On buses and trains I made the daily commute from Bridgeport to Albertus Magnus College in New Haven,  where I met a young Yale student who inspired my current project about Teddy Holbrook, and the impact Teddy’s alcoholism has on himself, his marriage, and his children. 

The young man from Yale and I didn’t date long, maybe four or five months, but I never forgot him telling me how he once had gotten so drunk his roommates got a Yale administrator to help control him.  A few years later, in a fourth-floor walk-up apartment on St. Paul Street, I was feeding pablum to my new baby and read the Yaley’s byline in The New York Times — the brilliance he had evinced as a student was being fulfilled. 

Years, decades, passed, while I worked in public relations, free-lanced news and feature articles, raised my family, and thought that I would write fiction “some day . . . some day.”  The sudden death of my beloved older sister, when I was fifty-two, made me realize that life doesn’t guarantee anyone a “some day.”  Four years and four stories after Sally’s death, I submitted a story to the Bread Loaf Writers Conference, thinking that acceptance would signify I had talent.
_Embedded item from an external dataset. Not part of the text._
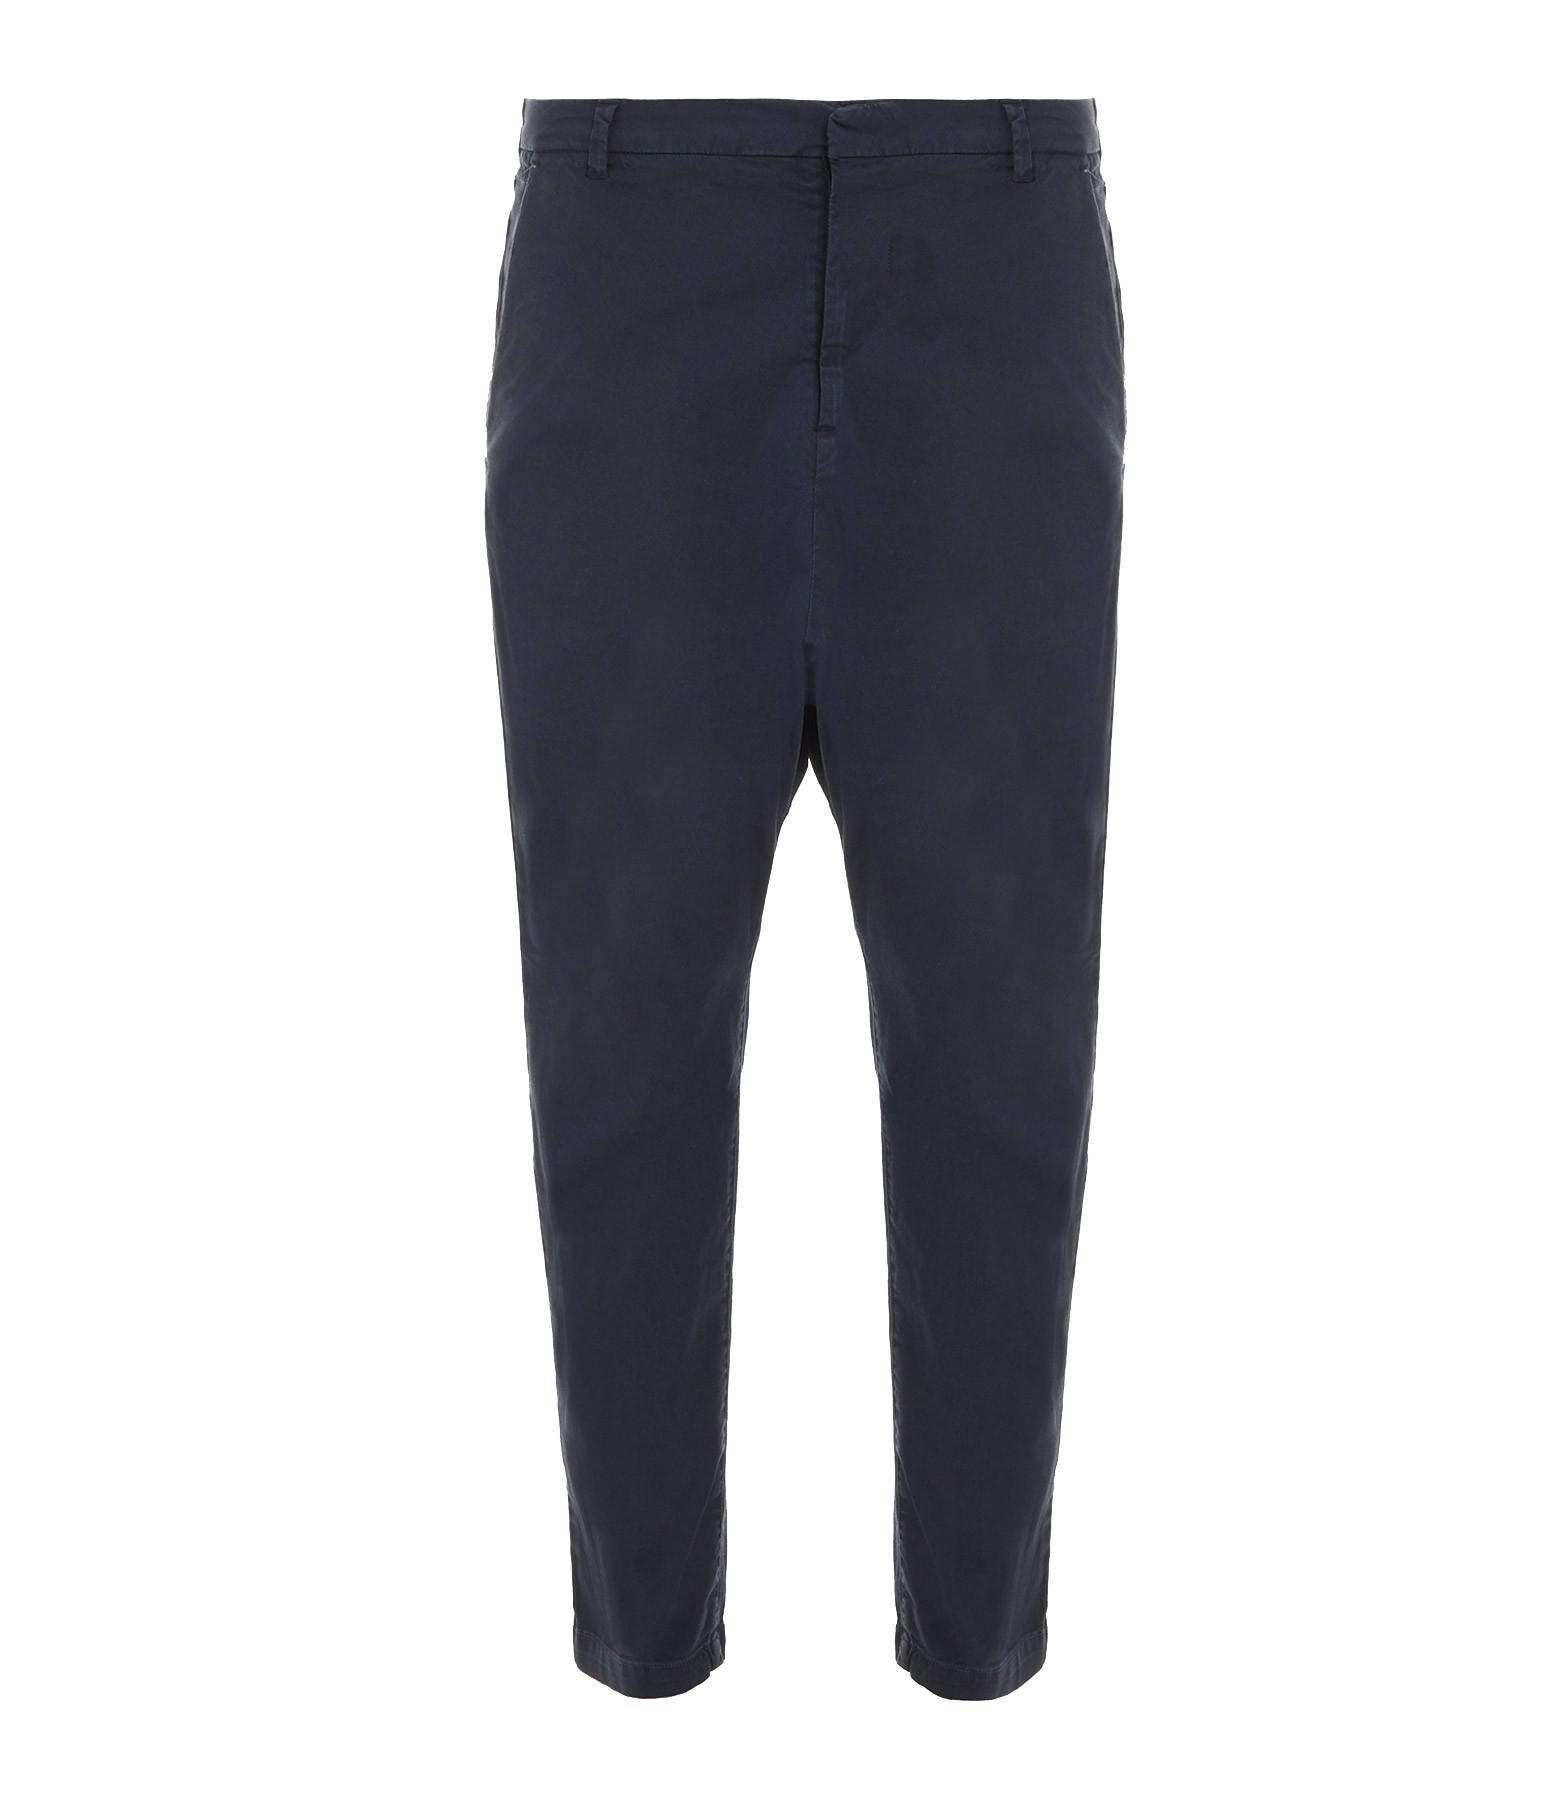 NILI LOTAN - Pantalon Paris Bleu Marine Délavé

While few of the youngsters in my workshop liked my story about a Vietnam War veteran, “After the Service” eventually was published, first by The Distillery in 2002, and then as part of my award-winning short story collection, St. Bart’s Way in 2015.

Since then, two more books, forty stories, plus several dozen book reviews and essays of mine have been published.  I’ve also written two unpublished mysteries.  And become a widow.  At loose ends professionally and personally, the true story of a teenager who killed his parents haunted me, but I couldn’t get a handle on it.

Widowhood permits a woman some license, and one afternoon, while twiddling around on the internet, I looked up that long-ago boyfriend.  I was stunned.  The only mention of him was his obituary, which made clear that he had died from alcoholism.  That tragedy, braided with the teenager who killed his parents, becaame the inspiration for “In the Ullage.” (See “In the Ullage" under Other Published Short Stores in My Portfolio.)

I soon realized that “In the Ullage” was the basis for a whole collection centered on the impact of alcoholism on one middle-class family.  The statistics are staggering: in 2018 there were 10,511 alcohol-impaired driving fatalities; more that 65 million Americans report binge drinking once month; teen use of alcohol kills 4,700 people each year.  But statistics are only numbers; behind each number is an ndividual and a troubled family.  Those are the stories I want to tell.

If I receive a Baker Award, I will use the money to conduct research, upgrade my computer system, and hire the personal support I need in order to have the time to write.   Thank you for giving me this opportunity.